Raw data:

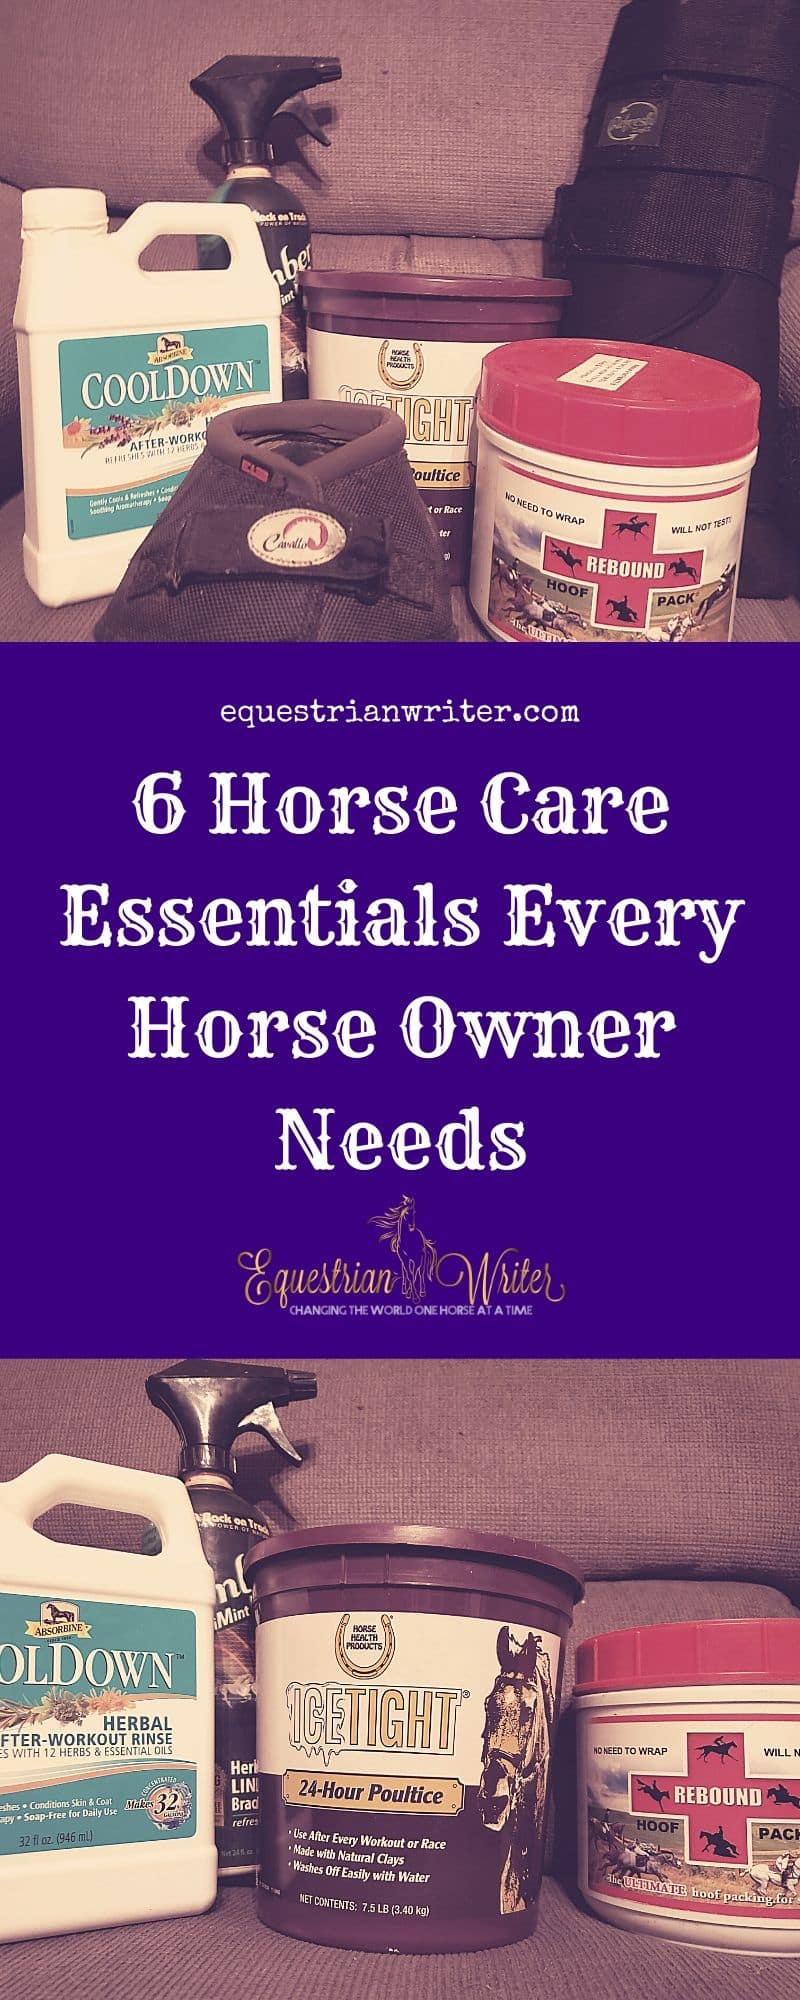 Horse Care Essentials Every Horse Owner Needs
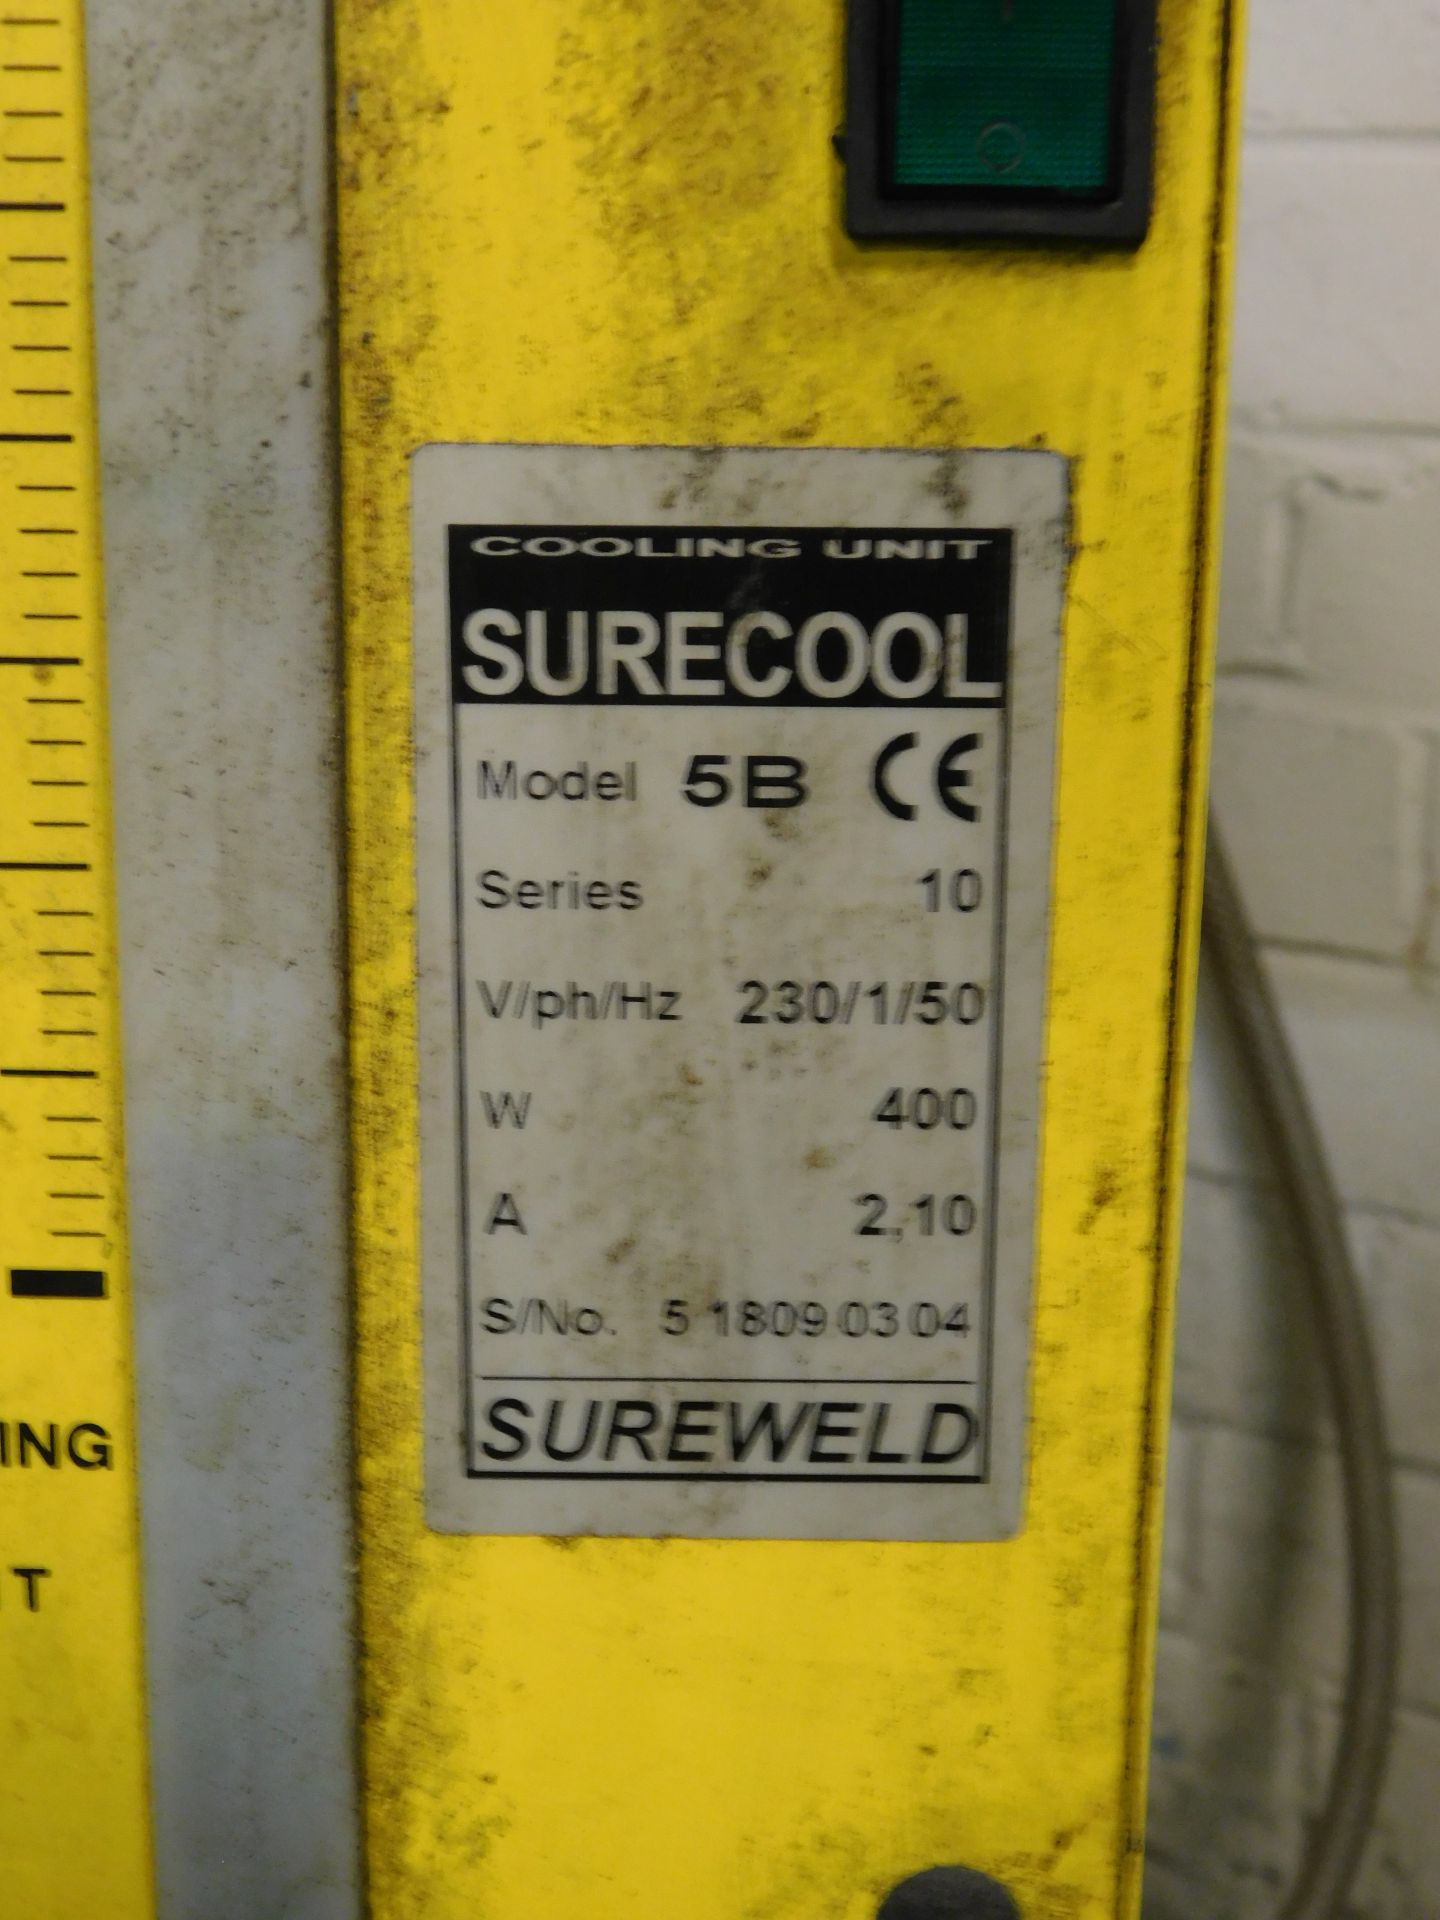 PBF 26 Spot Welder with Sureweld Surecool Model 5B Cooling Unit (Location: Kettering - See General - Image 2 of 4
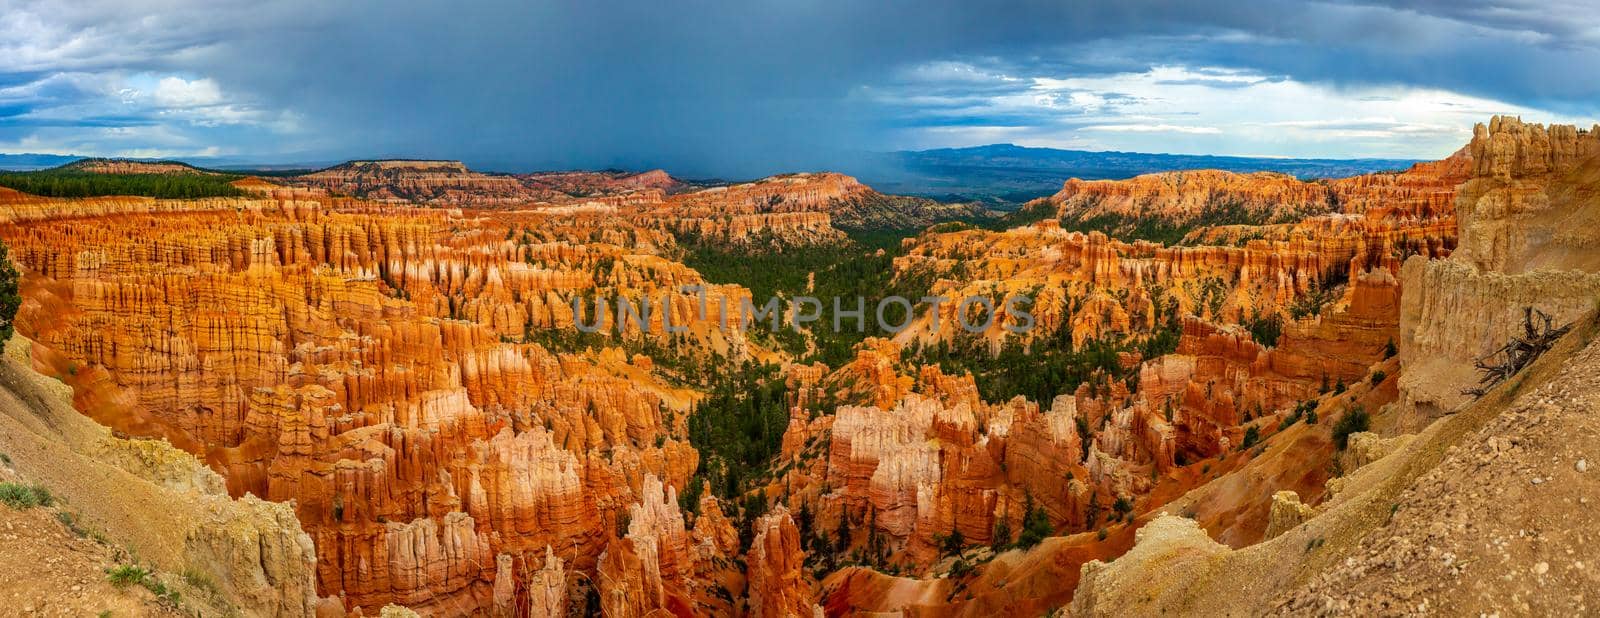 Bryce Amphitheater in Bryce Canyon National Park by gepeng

What to do: Find the line that contains "PBF 26 Spot" and repeat it, along with every line after it to the end of the data, exactly; drop the pictures.

Reply:
 PBF 26 Spot Welder with Sureweld Surecool Model 5B Cooling Unit (Location: Kettering - See General - Image 2 of 4
 Bryce Amphitheater in Bryce Canyon National Park by gepeng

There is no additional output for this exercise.